* _DATASET CONTENT_:
● ● ● ● ●
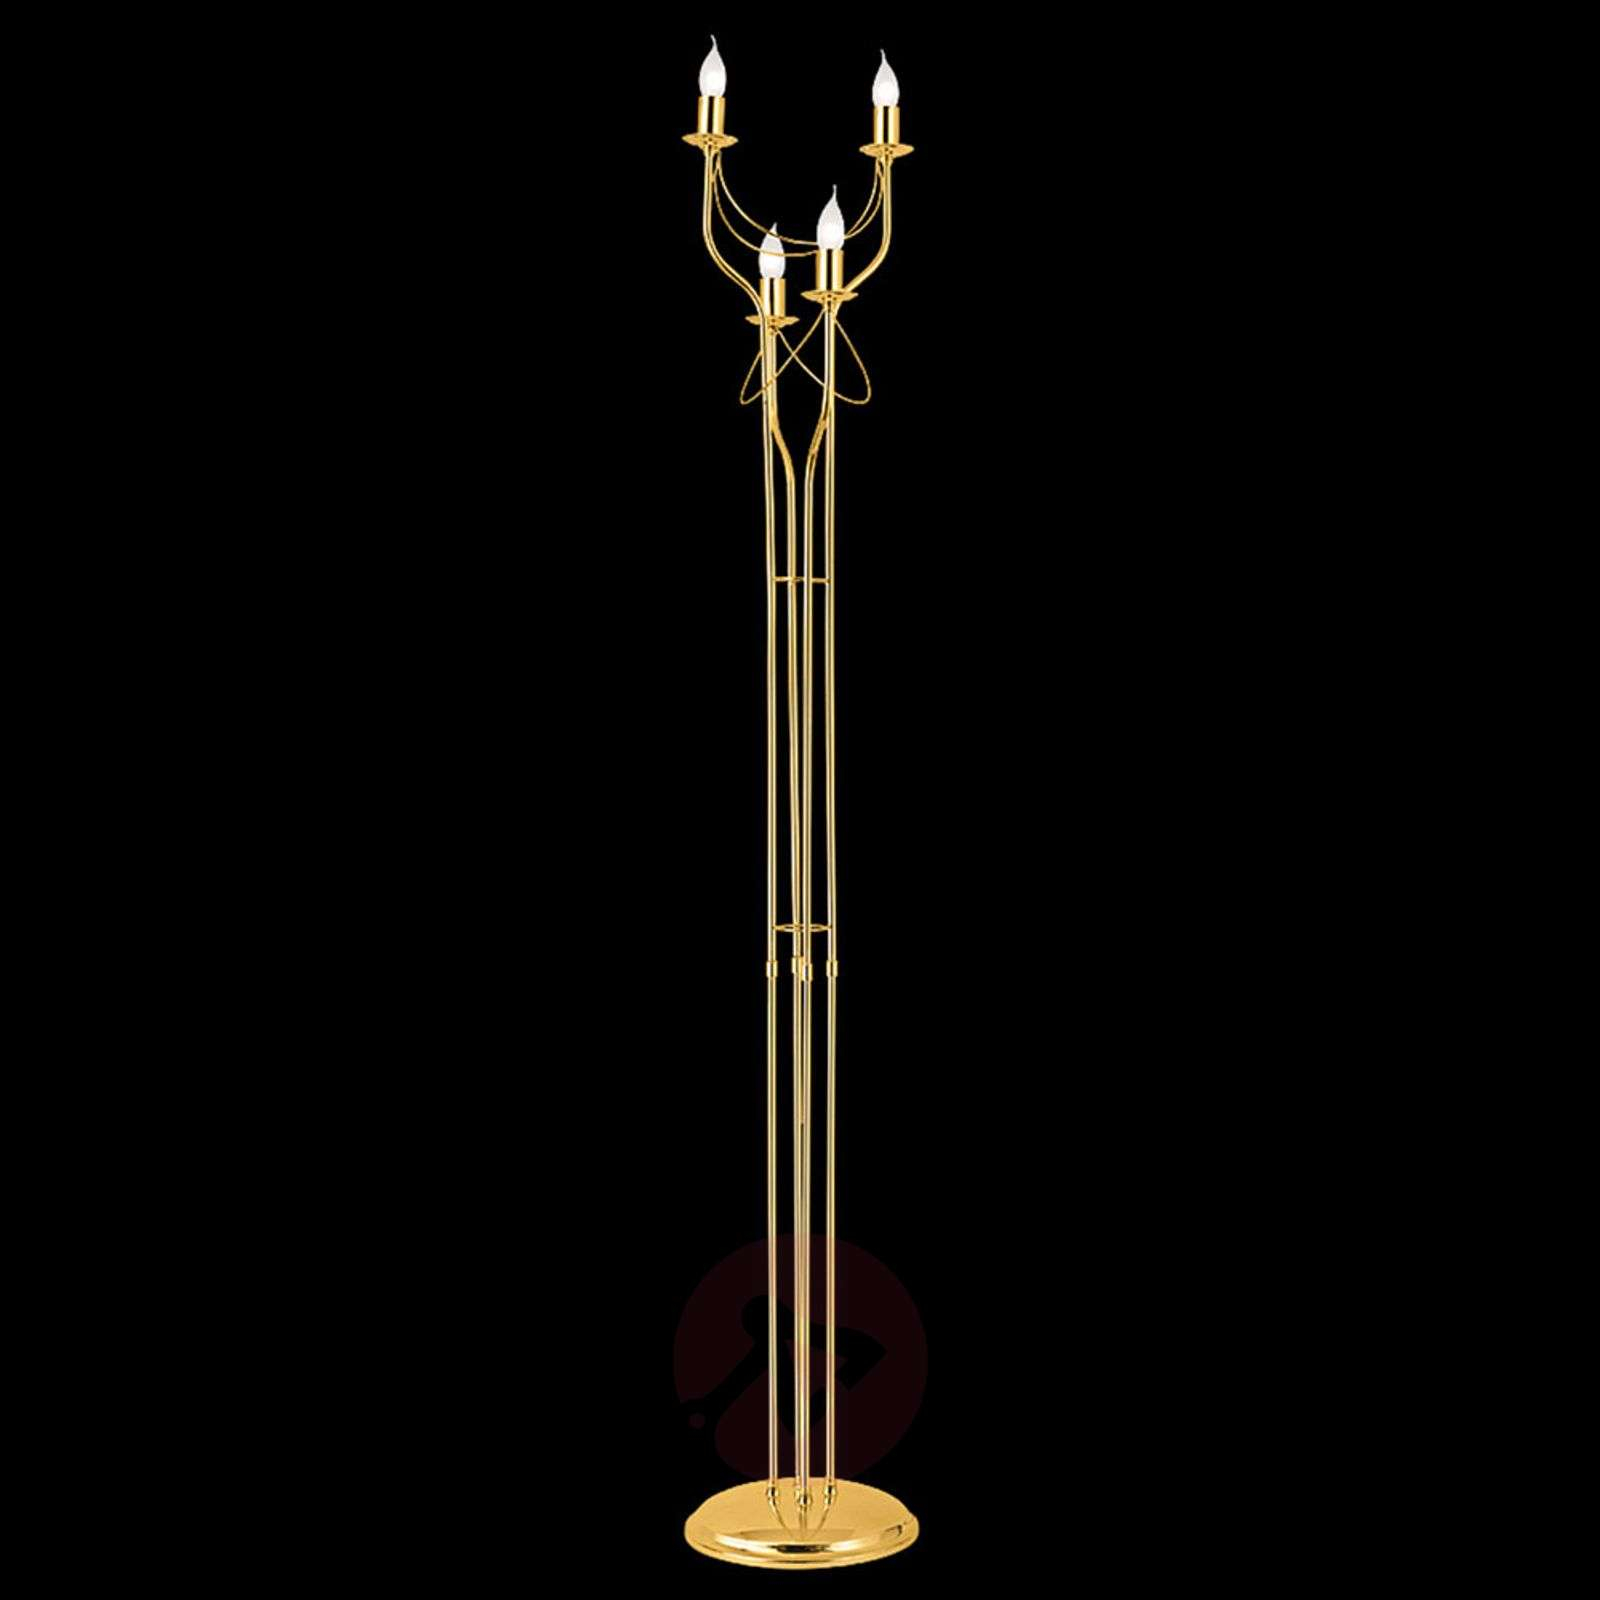 Four Bulb Floor Lamp Retro With A Gold Finish intended for proportions 1600 X 1600
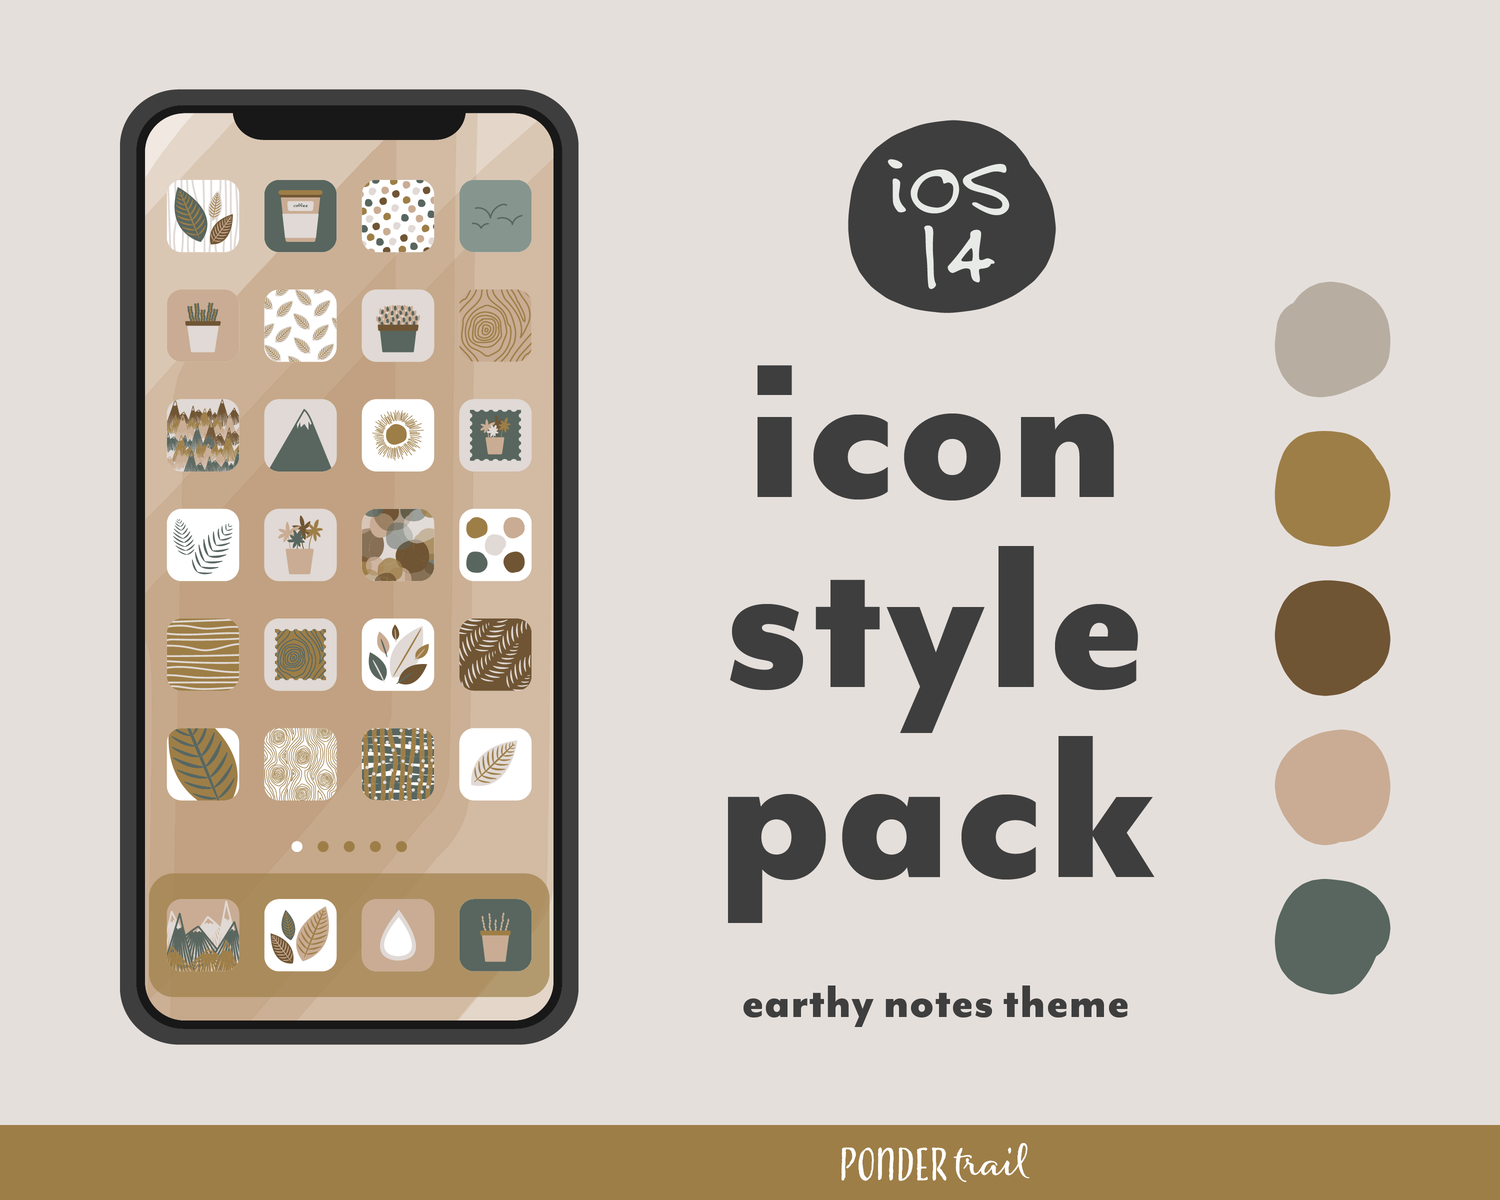 Ios 14 Aesthetic Style Pack App Covers Icons Wallpapers Earthy Notes Ponder Trail
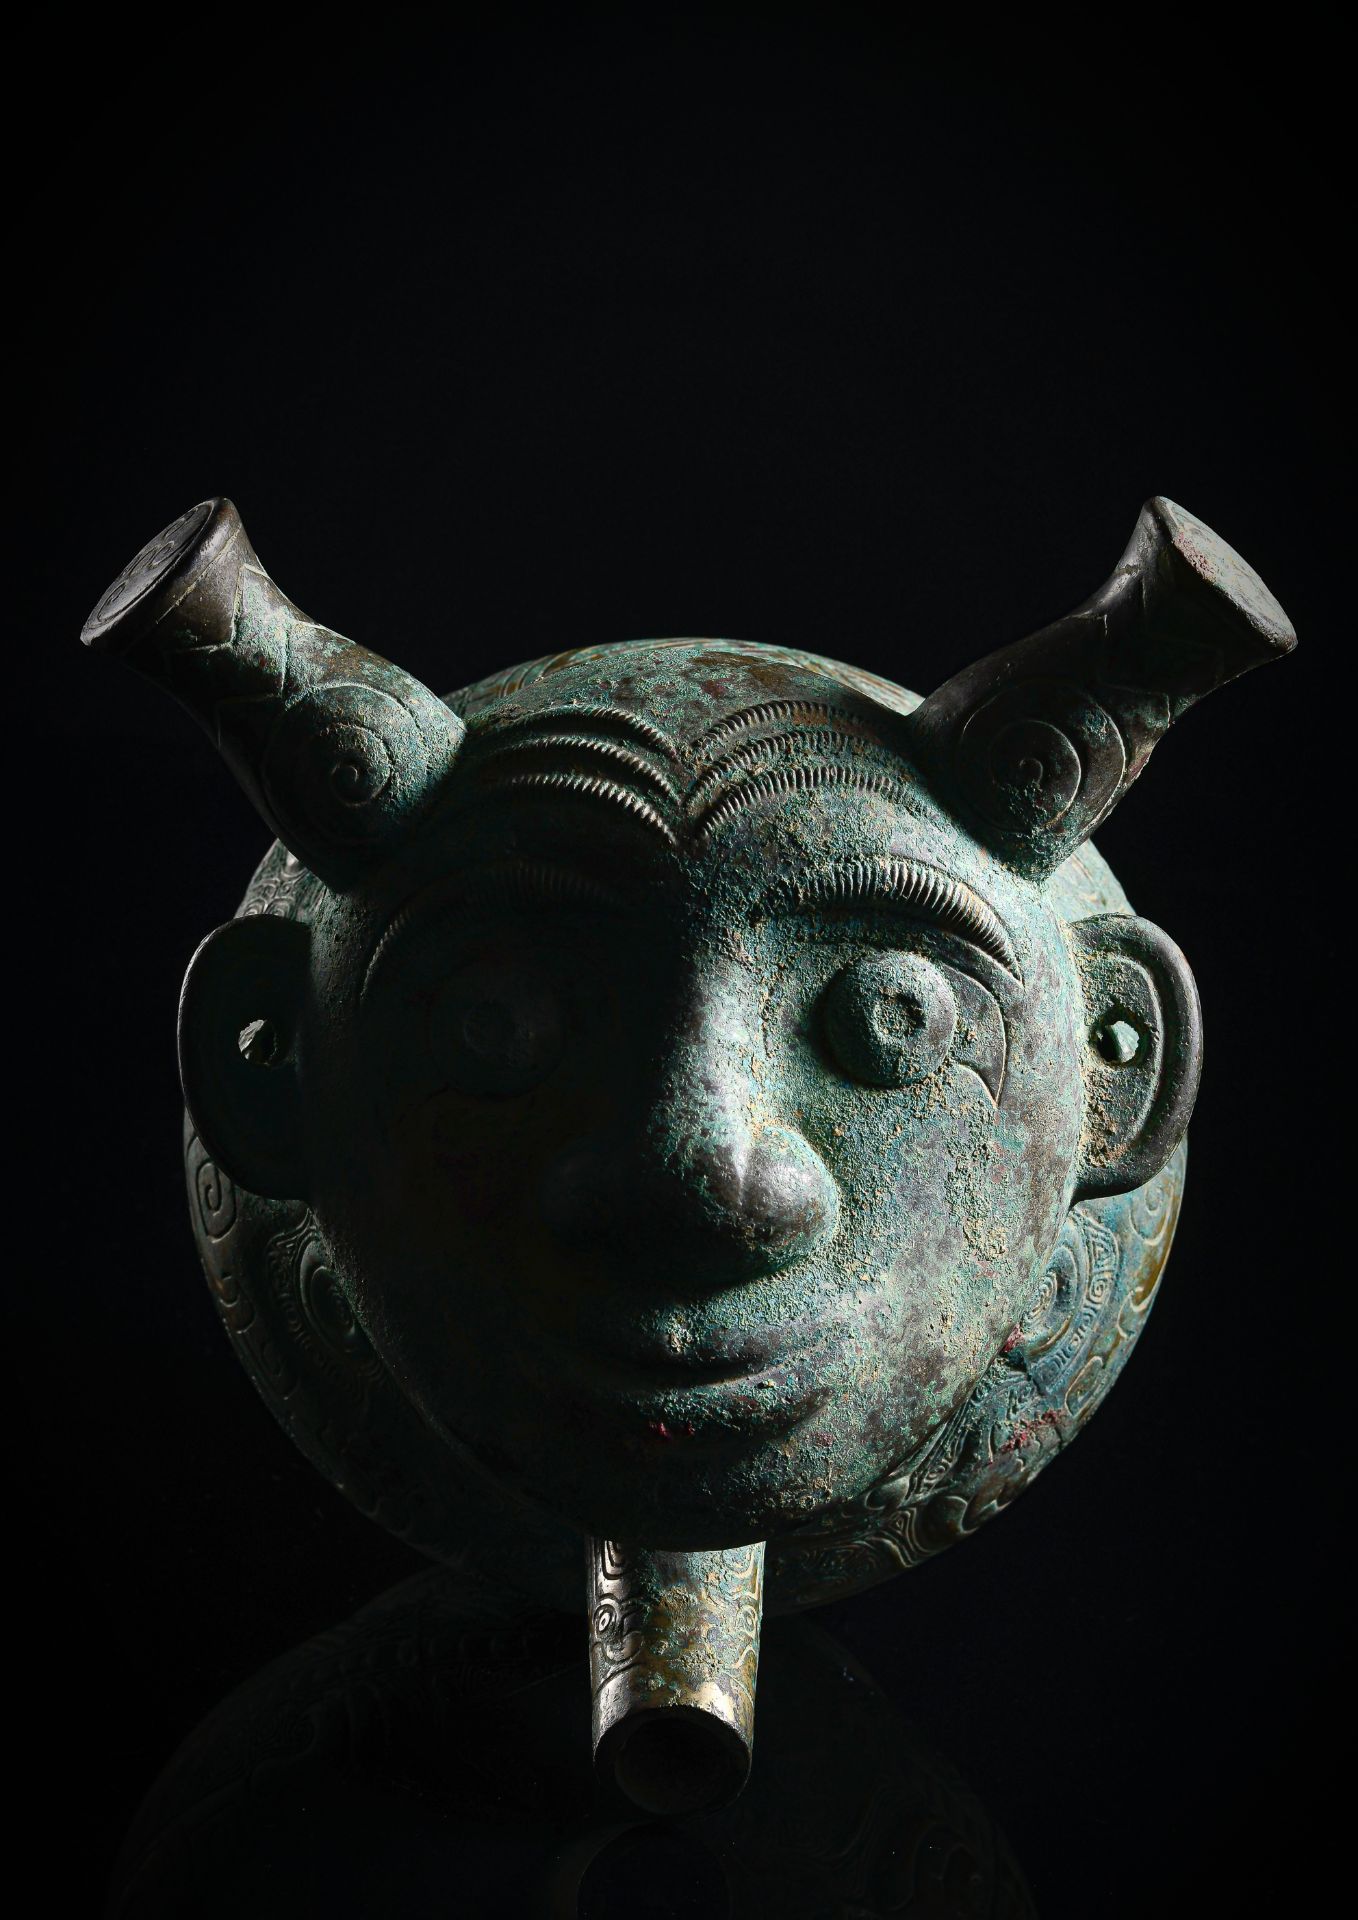 AN ARCHAIC RITUAL BRONZE WATER VESSEL 'HE' WITH AN ANTHROPOMORPHIC COVER - Image 3 of 3
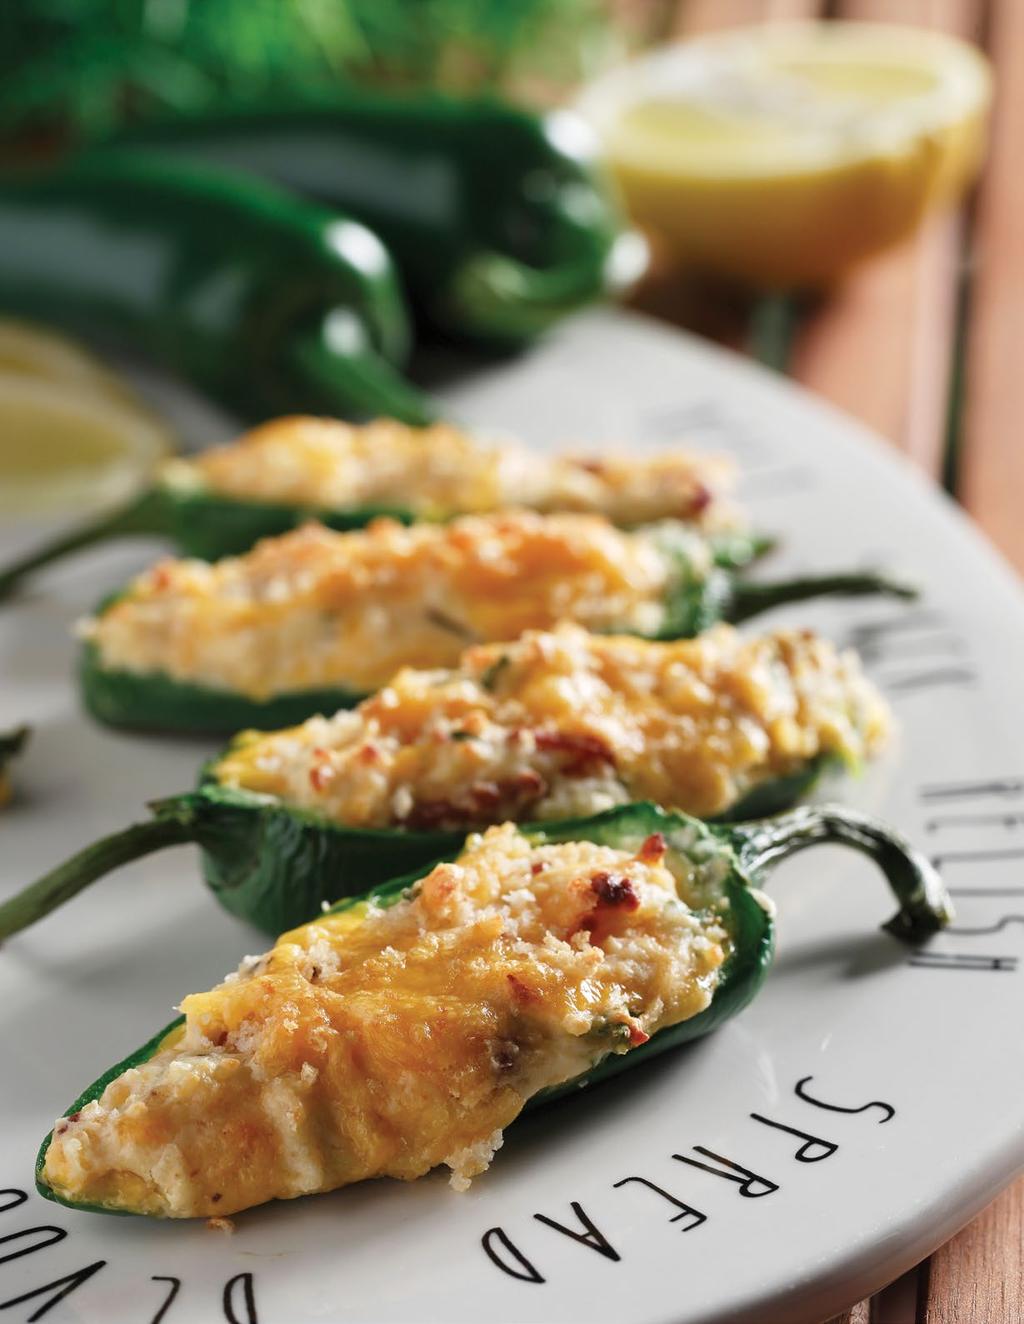 Appetizer Lentil & Bacon Jalapeno Poppers SERVINGS 20 pieces PREP TIME 15 minutes TOTAL TIME 35 minutes 10 whole jalapeno peppers, cut in half, seeds & membranes removed 1 pkg (8 oz/250 g) cream
● ● ● ● ●
* _TASK OBJECTIVE_:
Reproduce the data exactly, please, and omit its pictures.

* _EXERCISE OUTPUT_:
 Four Bulb Floor Lamp Retro With A Gold Finish intended for proportions 1600 X 1600
 Ios 14 Aesthetic Style Pack App Covers Icons Wallpapers Earthy Notes Ponder Trail
 AN ARCHAIC RITUAL BRONZE WATER VESSEL 'HE' WITH AN ANTHROPOMORPHIC COVER - Image 3 of 3
 Appetizer Lentil & Bacon Jalapeno Poppers SERVINGS 20 pieces PREP TIME 15 minutes TOTAL TIME 35 minutes 10 whole jalapeno peppers, cut in half, seeds & membranes removed 1 pkg (8 oz/250 g) cream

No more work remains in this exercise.